Albert Camus, in The Myth of Sisyphus, describes man as holding the burden of the absurd. Pushing the stone up again and again, only to see it roll back. But in doing so, he discovers a new kind of freedom – the freedom to choose meaning. Not to be free from everything, but to create something within it. Commitment, then, does not contradict freedom – but derives from it.
Viktor Frenkel, an Auschwitz survivor, wrote:
"Man is a creature looking for meaning. It is not freedom that is the supreme condition of man's existence – but the finding of meaning."
In other words, we don't live to be free – we are free to find something to live.
Tolstoy, in his story "The Death of Ivan Ilyich", presents a man who succeeded on every social scale, but lived without inner commitment. It is only in his last hours that he realizes that the life he lived was a "life of lies," because he did not truly commit to any value – and that is where the awakening comes.
And even Nietzsche, who is considered a philosopher of extreme freedom, wrote:
"The greatest freedom is not lawlessness, but the power to choose to commit to something greater than yourself."
The Exodus from Egypt is not only a movement of "fleeing from" – but also of "going to." Not just a departure from bondage, but an entry into a system of moral, divine, spiritual life.
This is freedom that bears fruit.
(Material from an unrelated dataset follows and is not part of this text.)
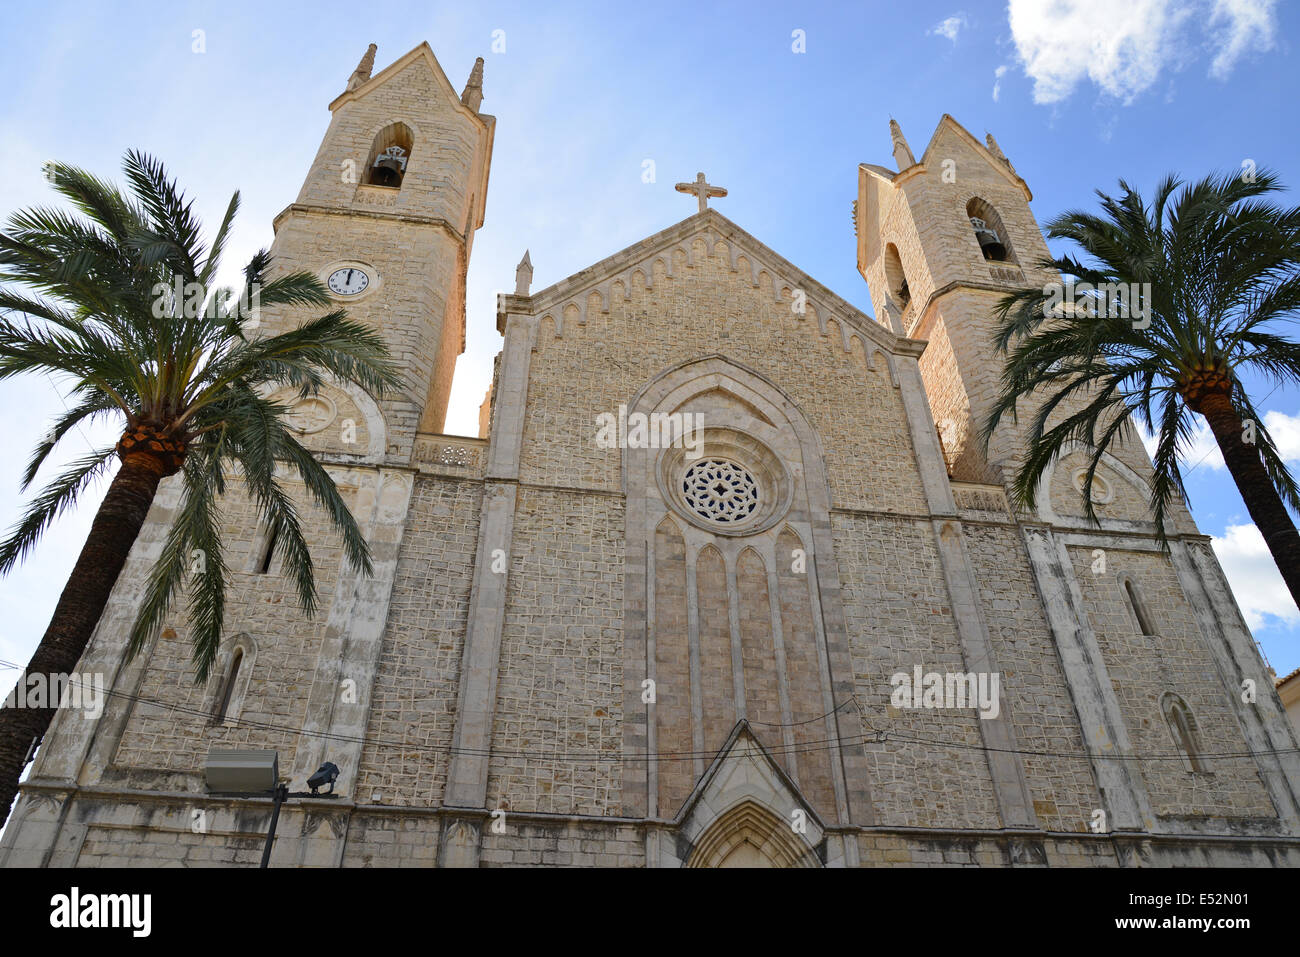 Cathedral of the Pure Mother Mary (Catedral de la Marina) Placa del Rei Jaume I, Benissa, Alicante Province, Kingdom of Spain Stock Photo

Not a freedom of "me for myself", but one that leads to a way of life that allows a person to refine, to grow, to be sanctified.
This is the depth of the words of the Rambam, who wrote about the commandments of the Torah is a way to refine the human soul, and about the words of the Torah, which are "alive to all his flesh."
The paradox remains, but is now more understandable:
A person is liberated – so that he can choose his commitment. And when the choice is right, when the burden is taken consciously, it is not a burden, but a burden. He does not diminish – but rather elevates.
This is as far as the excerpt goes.